To be sure, countries in Latin America and Turkey face the lowest 10 per cent baseline tariff — but among large Asian exporters, which are the closest competitors, India has clearly fared better. For now, pharmaceuticals have been exempted, adding to India’s advantage.
In short, despite a murky policy environment and likely weaker global export demand, this is a boost to the “China-plus-one,” “Vietnam-plus-one,” and “Bangladesh-plus-one” strategies that global firms are pursuing. If one looks closely, the impact of the new tariffs will be to undermine the China-centred global value chain in Asia because the countries hit hardest are an integral part of it.
How should India respond?
India’s priority should be to grow its global market share — regardless of whether global trade itself is expanding. To that end, India must aim to improve its competitiveness by reversing current trade policy trends. While the US may be using reciprocal tariffs as a pressure tactic to bring countries to the negotiating table, India should liberalise trade policy not reactively, but as part of a long-term strategy. This reform agenda should rest on three pillars.
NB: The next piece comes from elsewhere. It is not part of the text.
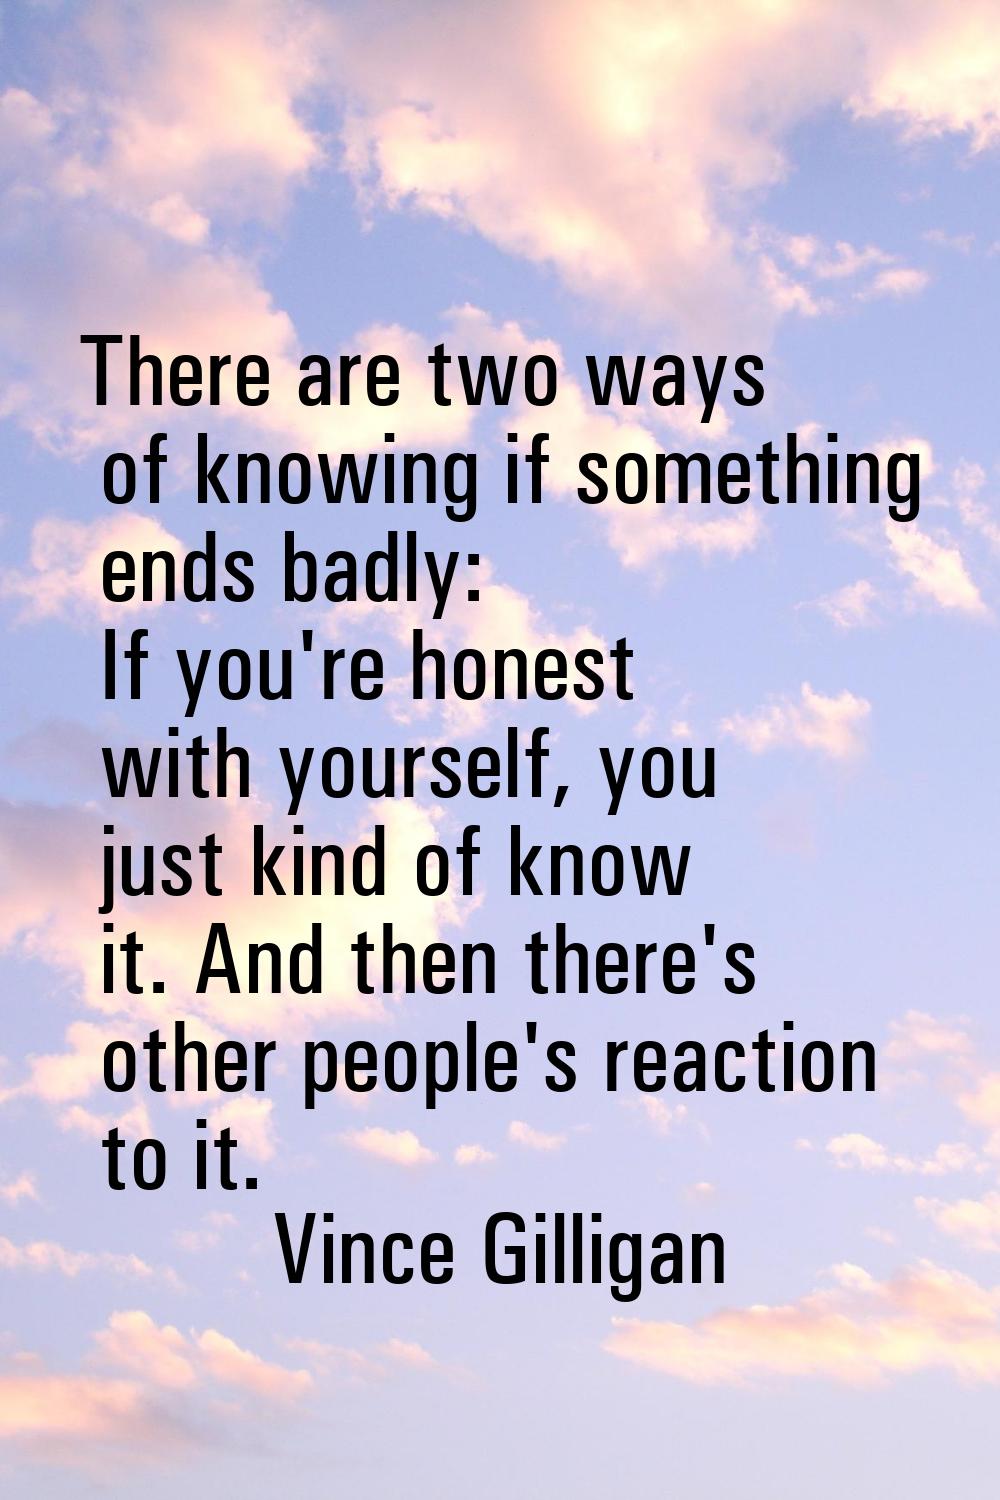 There are two ways of knowing if something ends badly: If you're honest with yourself, you just kin

First, tariffs must be lowered and rationalised. A uniform tariff of 5-10 per cent or a two-tiered structure (for example, five per cent on inputs and 10 per cent on final goods) would simplify the system. This would reduce inefficiencies, delays, and rent-seeking at the border.
Second, eliminate non-tariff barriers like quality control orders that act as disguised protectionism rather than ensuring standards. Combined with lower tariffs, this would help make India a low-cost destination for investors.
Third, and most critically, ensure policy stability. India must avoid the urge to frequently revise tariffs or impose retrospective duties, like those levied on Volkswagen and Samsung for decade-old imports. In today’s volatile global environment, stability is a key competitive advantage.
The main exception to this liberalisation agenda is agriculture, particularly food crops. In the current geopolitical climate, India must maintain domestic production to ensure food security. Trade policy here requires more caution. Still, there is scope to lower tariffs on non-food crops — or those not widely consumed in India — such as soybeans and maize meant for poultry feed, which are major US exports.
Counterintuitive as it may seem, the winners in this uncertain trade landscape will not be those who raise barriers but those who offer predictability and openness. Global firms will seek production hubs and export platforms that are cost-effective, policy-stable, can provide labour and capital at scale, and are insulated from retaliatory action. India can — and should — be that safe haven.
The imposition of tariffs will result in a significant macroeconomic shock. As per a note by JP Morgan, if these policies are sustained, they “could push the US and global economy into recession this year”. Trump has, however, indicated that the duties imposed could be decreased or limited in scope if countries undertake significant steps to address US concerns. India and the US are currently negotiating a trade deal. A few days ago, India agreed to the terms of reference for the agreement. It has also taken steps in therecent past — from cutting tariffs on high-end cars and high-capacity motorcycles to doing away with the equalisation levy — showing an accommodative stance. But, along with negotiating with the Trump administration and pushing ahead with the trade deal, Delhi must also pursue a more ambitious and broader agenda for trade reform.
This means resisting protectionism and doubling down on trade reform. This will not only secure India’s place in shifting supply chains but also send a strong signal to investors: India is open for business regardless of what other countries do.